Frankel has always been with Aptitude, but even the great trainer has never had a run like he's having now. He's doing things that can't be done. So why should anybody be surprised when Aptitude shows amazing Beyer improvement with no warning?

Bailey has been aboard for the last two races, the two where the colt actually finished first. Aptitude's three-race winning streak started in the July 1 Hollywood Gold Cup after the dubious disqualification of Futural. Laffit Pincay Jr. rode that day. Bailey was on the colt when he finished third in the June 10 Californian. So it hasn't been all Bailey.

The blinkers were added before the Hollywood Gold Cup. Aptitude earned a career-best Beyer (107), but that simply looked like a return to his Kentucky Derby form of a year before when he got a 106 after finishing second to Fusaichi Pegasus.

That performance had always suggested Aptitude possessed great talent. Given that the Derby was just Aptitude's sixth race and the colt had been raced right into it after running very well in both the Gotham and Wood Memorial, you just knew the ability was there.

Aptitude finished second in a weak Belmont Stakes and got a 99 Beyer. The colt disappeared until October when he won an allowance before finishing far back in the Clark Handicap.

By then, Aptitude was a forgotten horse.

When he showed up in the Dubai World Cup, you had to wonder why. Aptitude finished sixth.

By the summer, Aptitude was off the radar screen. Then, Frankel got as hot as any trainer has ever gotten. After Aptitude's two decent efforts at Hollywood Park, the colt was shipped to New York. And exploded.

It was no surprise when Aptitude finally finished first in a stakes race on Aug. 19. The Saratoga Breeders' Cup Handicap had a weak field. Aptitude was even money.

It was the colt's move that stood out. As soon as Aptitude moved, the race was over. Visually, it was dazzling, but what did he beat? Actually, nothing much. But the Beyer told the story. Aptitude had earned a 116.

Could it have been a fluke? Surely.

Would Aptitude bounce in the Jockey Club Gold Cup? Could he duplicate the Beyer against better horses?
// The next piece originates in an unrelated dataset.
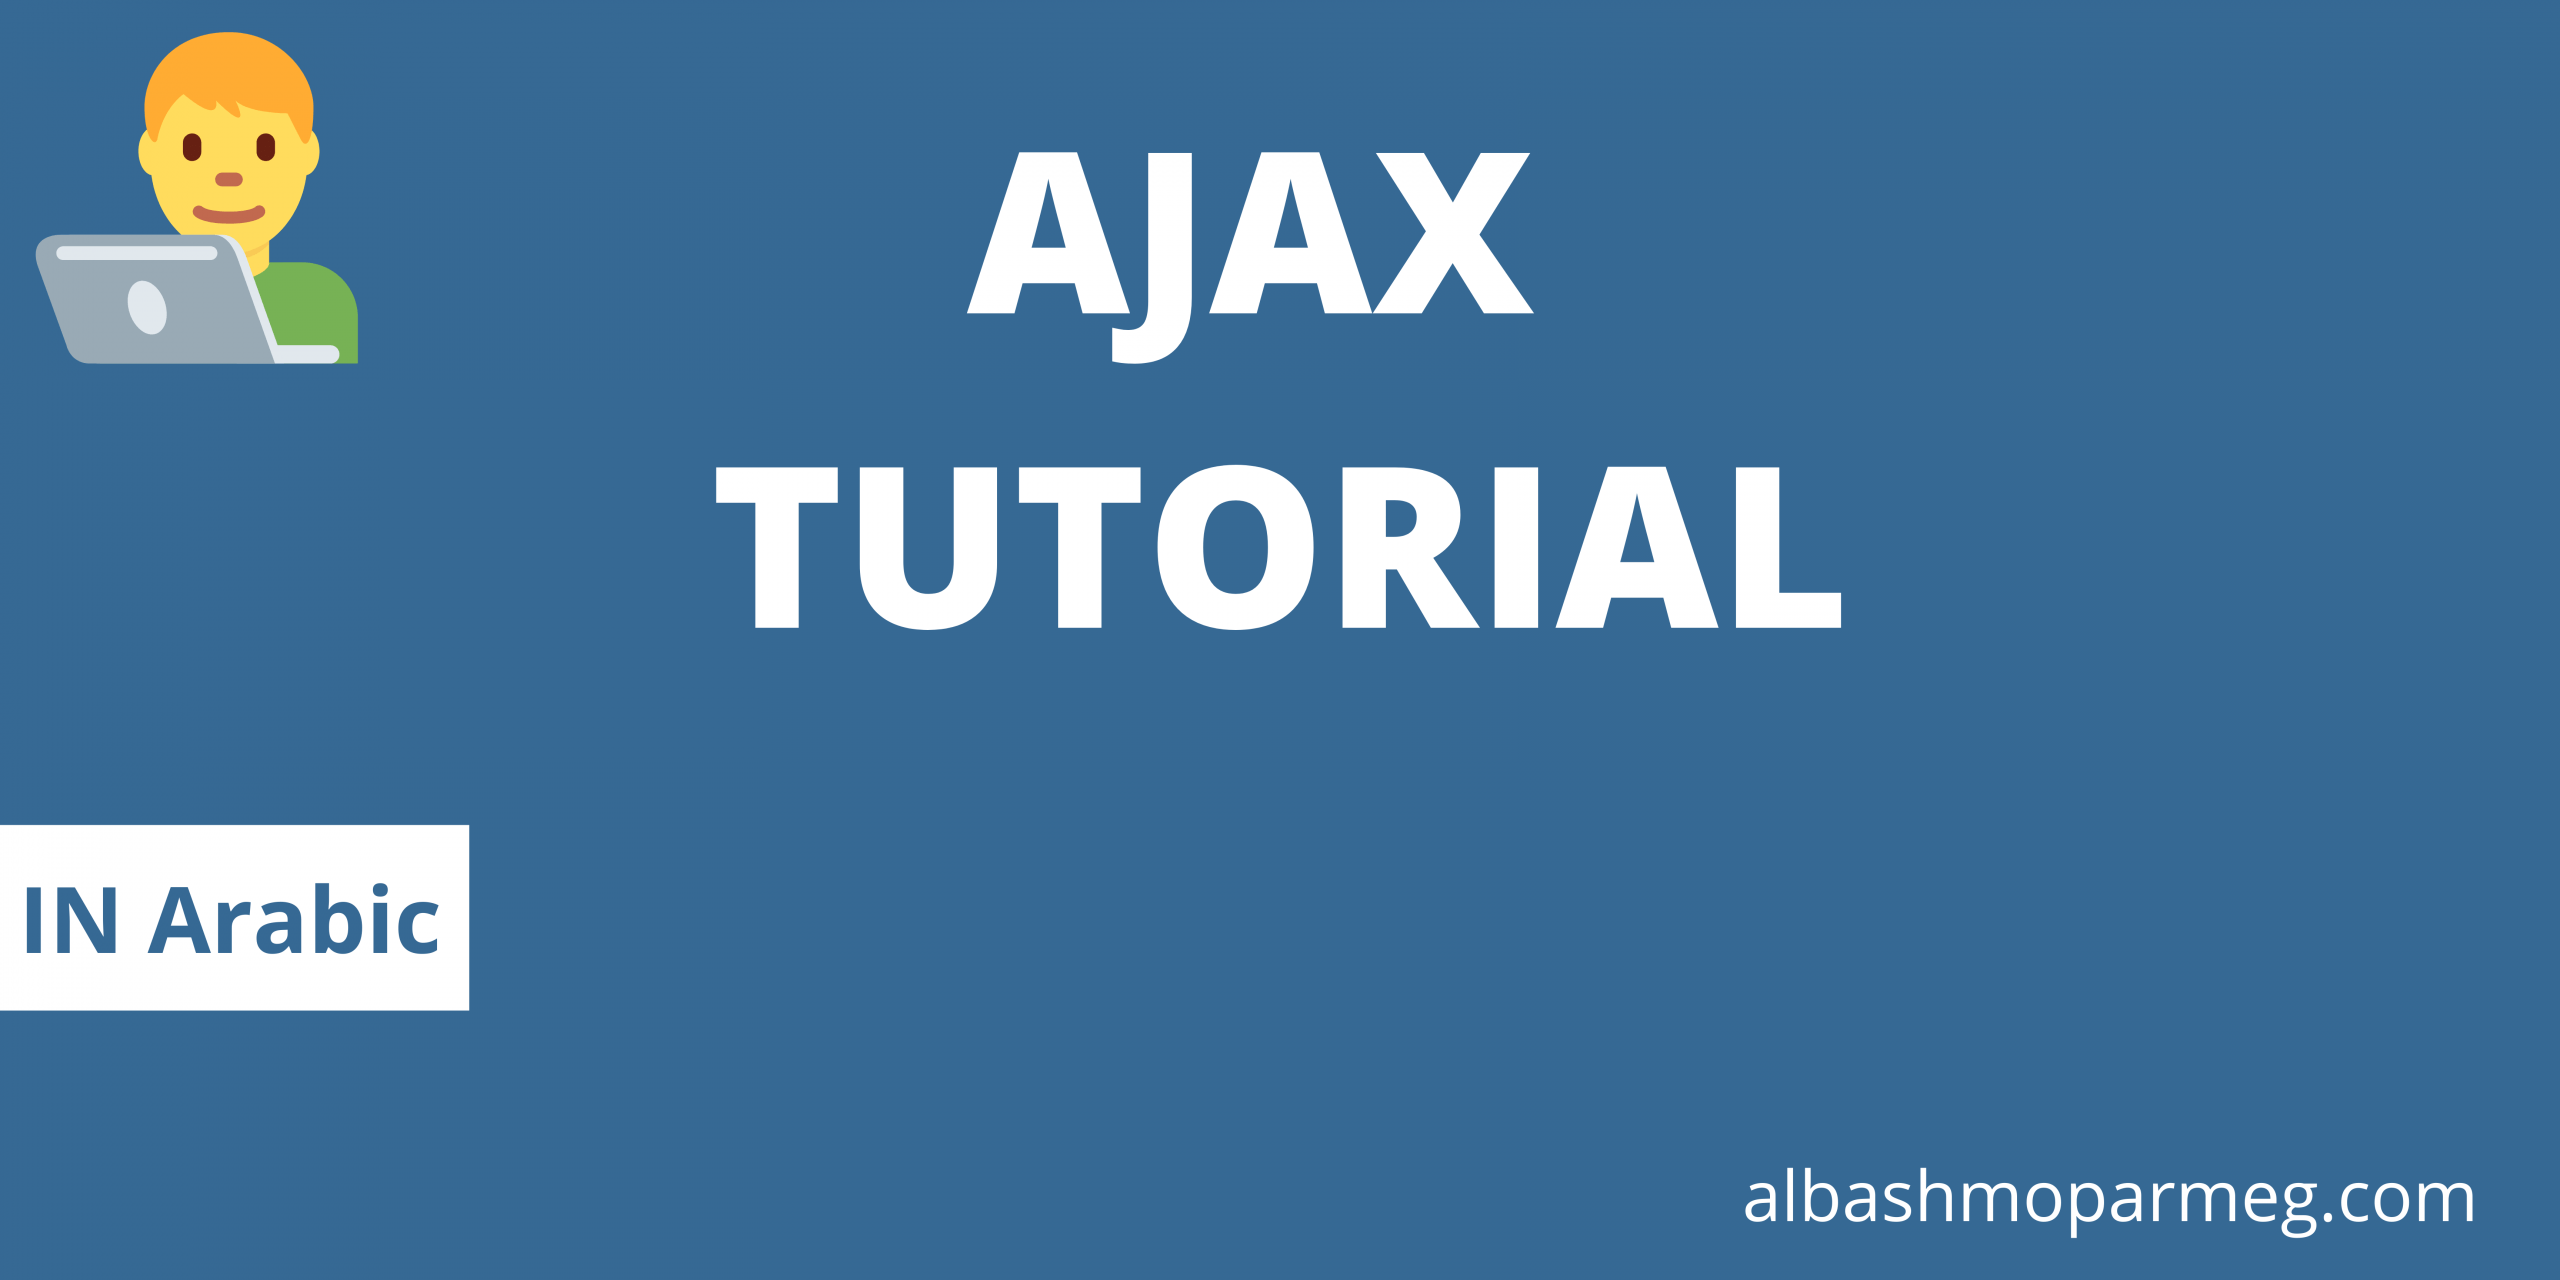 ajax tutorial - الباشمبرمج

Given the Frankel factor, the latter seemed more likely. Still, nobody could have foreseen what went down.

Aptitude again rushed by the field. He won by 10 lengths. On the surface, the time of 2:01.49 for 1 1/4 miles didn't seem that exciting. Until one realized times had been relatively slow all day.

Once the figure was calculated, it was obvious that this was a serious performance. Aptitude, the colt with the great pedigree and all that potential, had earned a 123, rare Beyer air these days.

So, exactly how does a 4-year-old go from 103 in mid-June to 107 in early July to 116 in mid-August to 123 in early October?

There is no easy answer to that. The important question is what will it be on Oct. 27?